Evaluating models on Belebele in English can be done via finetuning, few-shot, or zero-shot. For other target languages, we propose the incomprehensive list of evaluation settings below. Settings that are compatible with evaluating non-English models (monolingual or cross-lingual) are denoted with `^`.
#### No finetuning
- **Zero-shot with natural language instructions (English instructions)**
- For chat-finetuned models, we give it English instructions for the task and the sample in the target language in the same input.
- For our experiments, we instruct the model to provide the letter `A`, `B`, `C`, or `D`. We perform post-processing steps and accept answers predicted as e.g. `(A)` instead of `A`. We sometimes additionally remove the prefix `The correct answer is` for predictions that do not start with one of the four accepted answers.

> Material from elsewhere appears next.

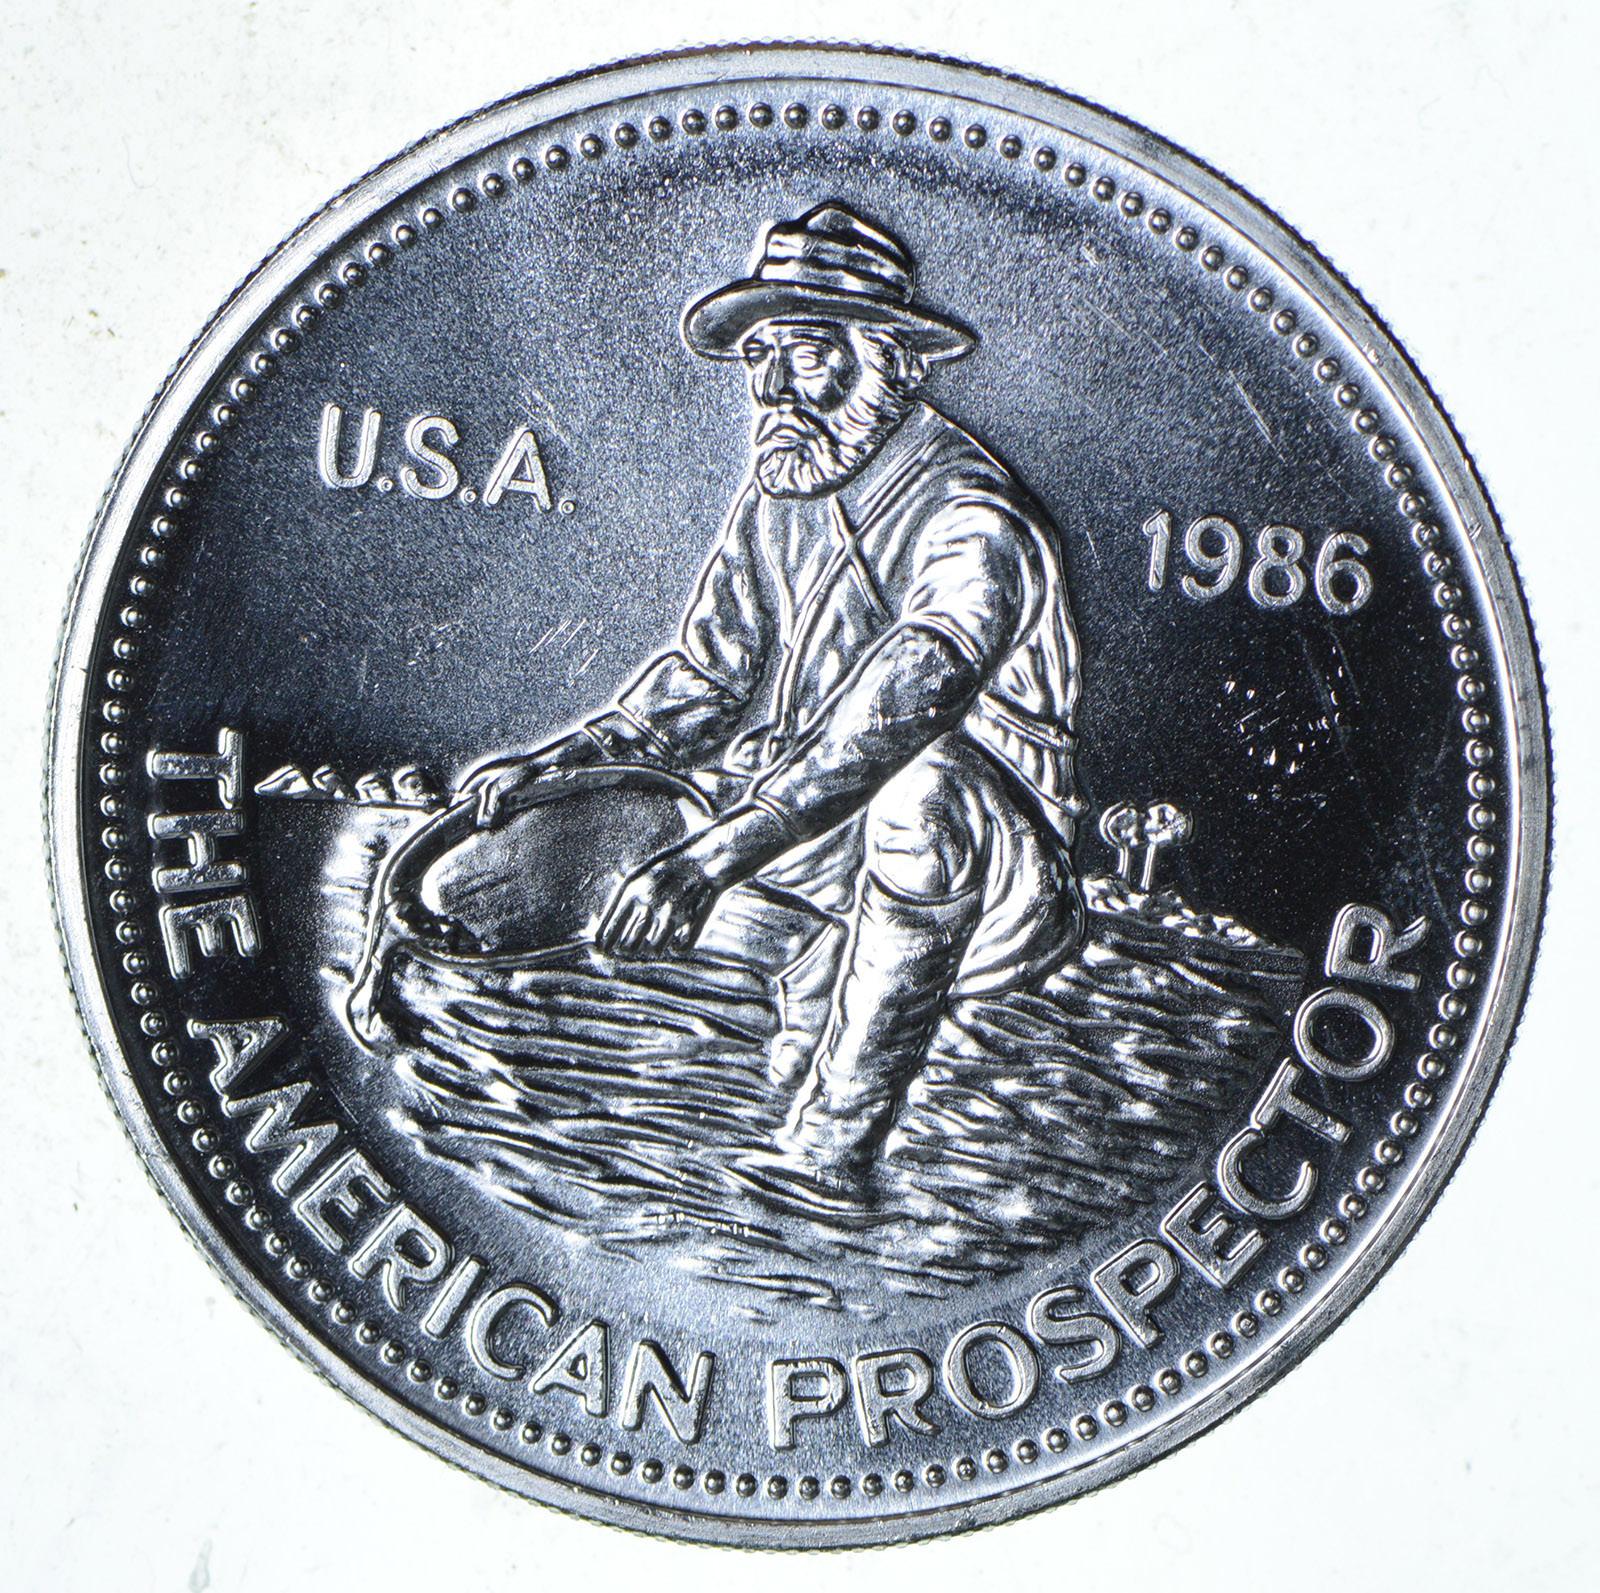 1 GRAM .999 PURE SILVER AMERICAN PROSPECTOR ROUNDS 100

- Sample instructions can be found at the [dataset github repo](https://github.com/facebookresearch/belebele).
- **Zero-shot with natural language instructions (translated instructions)** ^
- Same as above, except the instructions are translated to the target language so that the instructions and samples are in the same language. The instructions can be human or machine-translated.
- **Few-shot in-context learning (English examples)**
- A few samples (e.g. 5) are taken from the English training set (see below) and prompted to the model. Then, the model is evaluated with the same template but with the passages, questions, and answers in the target language.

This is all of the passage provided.